Quem está preso em seu círculo fica exposto a forças incontroladas. Parte impotente de seu
girar violento. Cá dentro, estão em jogo processos diferentes. Quem está do lado de dentro
dirige os eventos. Eis a razão da sensação do abrigo: é a sensação de quem está na história e
cultura, e contempla a turbulência sem significado da natureza. As gotas que batem contra a
vidraça, projetadas pela fúria do vento, mas incapazes de penetrar a sala, representam a
vitória da cultura contra a natureza. Quando observo a chuva pela janela, não apenas me
encontro fora dela, mas em situação oposta a ela. Tal situação caracteriza cultura:
possibilidade de contemplação distanciada da natureza.
No entanto (e infelizmente), não é isto que temos em mente ao falarmos em conquistas da
cultura: estarmos sentados em lugar seco e quente, contemplando a chuva fria, fumando
cachimbo e ouvindo Mozart. Infelizmente, temos em mente coisas como “controle da
chuva”. Pretendemos mudar a estrutura dos eventos da natureza. Romper sua circularidade,
fazê-los correr linearmente em busca de um propósito por nós escolhido. Chuva não mais
como fase da circulação eterna da água, mas como fase de uma deliberada irrigação do meu
campo. Se a chuva tivesse sido vencida, não mais cairia como cai agora (“chuva de
setembro, de todo setembro desde sempre”), mas cairia como “esta chuva programada para
as quatro horas da tarde de hoje”. Seria chuva histórica, porque sujeita a programas,
portanto, parte da cultura, não da natureza. Vista da janela, tal chuva não se distinguiria
daquela que está caindo agora, e, no entanto, estaria caindo do lado de cá, não de lá, da
janela da cultura.

Leitura 3: SOUZA, Ricardo Timm de. Alteridade e Ecologia (p. 159-160)


A Natureza somente pode ser concebida, fora das conveniências da ideologia da
acumulação infinita, como absolutamente Outra – ou seja, somente pode ser concebida
eticamente.
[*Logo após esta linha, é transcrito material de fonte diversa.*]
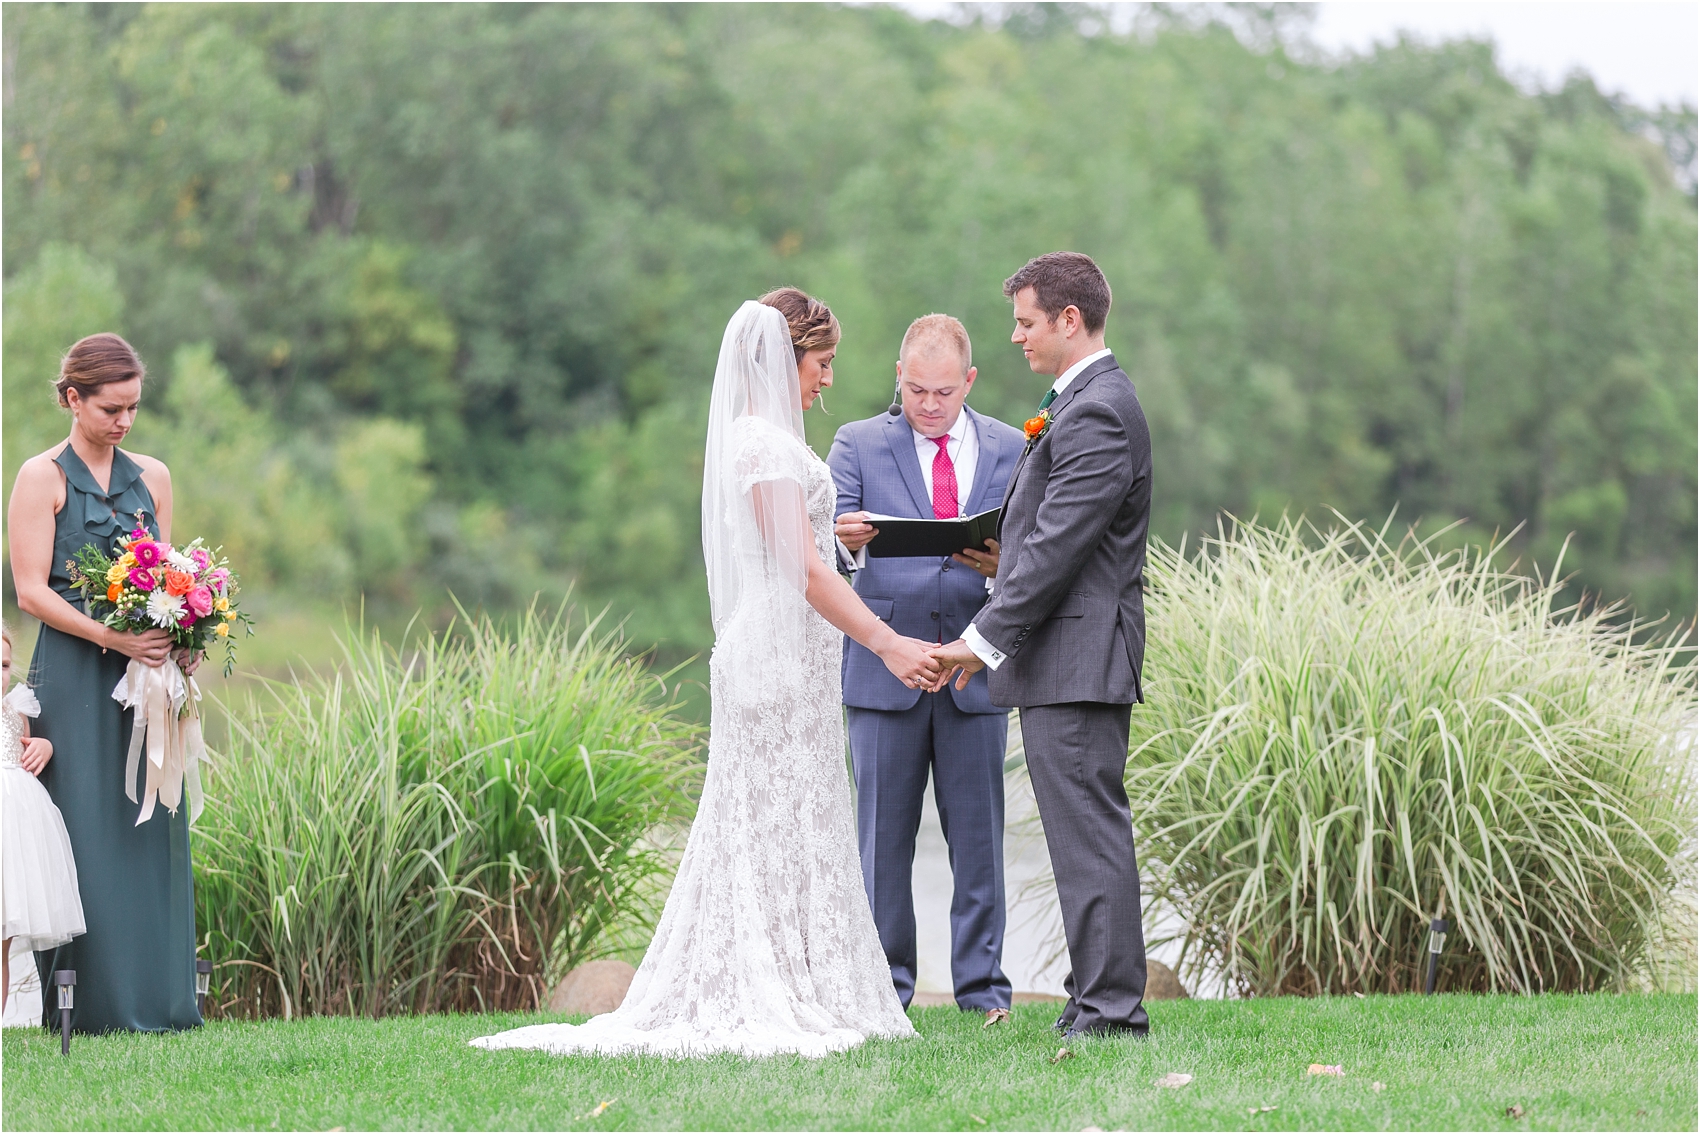 romantic-intimate-backyard-wedding-photos-at-private-estate-in-ann-arbor-mi-by-courtney-carolyn-photography_0097.jpg
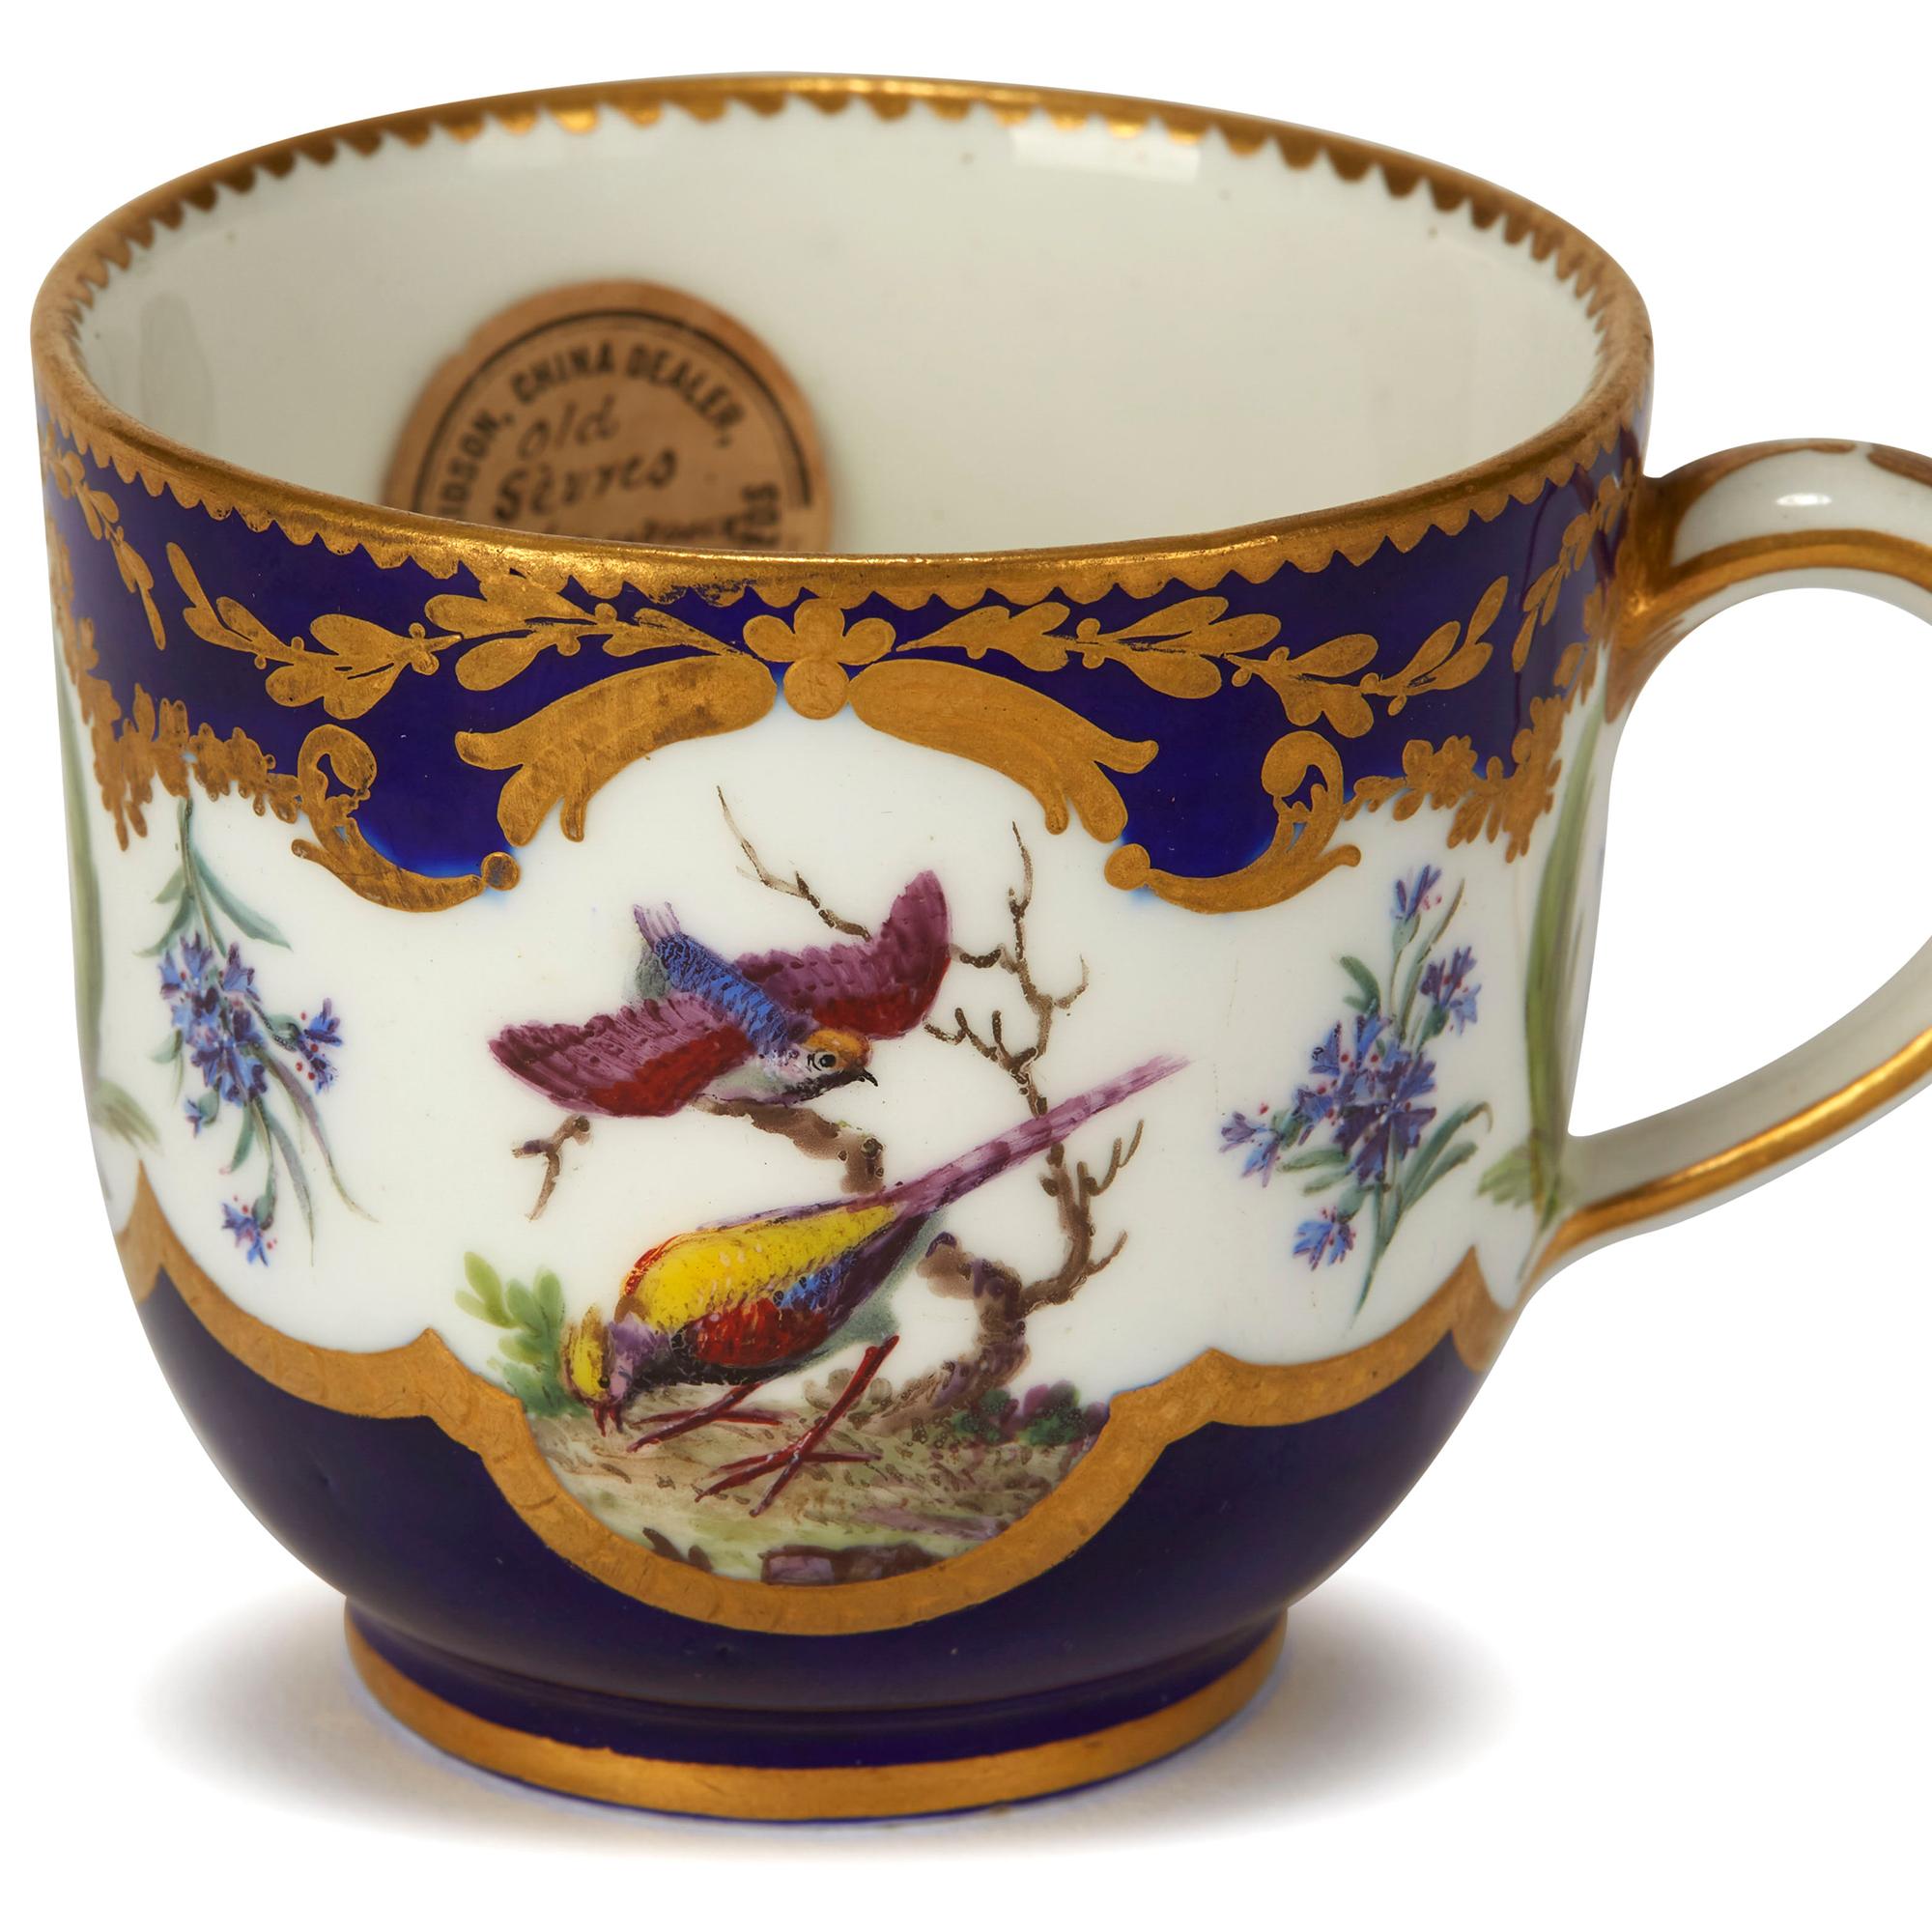 Sèvres French Porcelain Hand Painted and Gilded Teacup, circa 1752 4

Todas as outras formulações, que se inclinam à suavização desta Alteridade, são
apenas estratégias de protelação da questão básica – a existência mesma, apesar da
Totalidade, de uma realidade não dependente desta Totalidade.

Leitura 4: GODOY, Ana. A menor das ecologias. (p.152)


O Outro da casa é o Outro do mundo, a terra a ser descoberta, mundos possíveis que não se
esgotam no atual, mas que o confrontam. As ecologias que a vida produz dizem respeito a
outros modos de sentir e pensar, de se relacionar, outros modos de existência para além da
conservação – que já não é só a da espécie para reprodução, mas de um pensamento que
atribui à vida esta finalidade –, que abalam a casa ao habitá-la como estrangeiro, investindo-
a da força de um arquipélago para fazer coexistirem as diferenças “sem lei e sem rei”.
Vontade que arrisca, potência de invenção que experimenta todas as forças habitantes do
corpo-casa, abrindo-se para outras e tantas formas de coexistência irredutíveis à virulência
das unificações, e que apontam outros modos de encarar a relação com o outro.

Leitura 5: GUATTARI, Félix. As três ecologias. (p. 14-15)


Se não se trata mais – (...) – de fazer funcionar uma ideologia de maneira unívoca, é
concebível em compensação que a nova referência ecosófica indique linhas de
recomposição das práxis humanas nos mais variados domínios. Em todas as escalas
individuais e coletivas, naquilo que concerne tanto à vida cotidiana quanto à reinvenção da
democracia – no registro do urbanismo, da criação artística, do esporte etc – trata-se, a cada
vez, de se debruçar sobre o que poderiam ser os dispositivos de produção de subjetividade,
indo no sentido de uma re-singularização individual e/ou coletiva, ao invés de ir no sentido
de uma usinagem pela mídia, sinônimo de desolação e desespero. Perspectiva que não exclui
totalmente a definição de objetivos unificadores tais como a luta contra a fome no mundo, o
fim do desflorestamento ou da proliferação cega das indústrias nucleares. Só que não mais
tratar-se-ia de palavras de ordem estereotipadas, reducionistas, expropriadoras de outras
problemáticas mais singulares resultando na promoção de líderes carismáticos.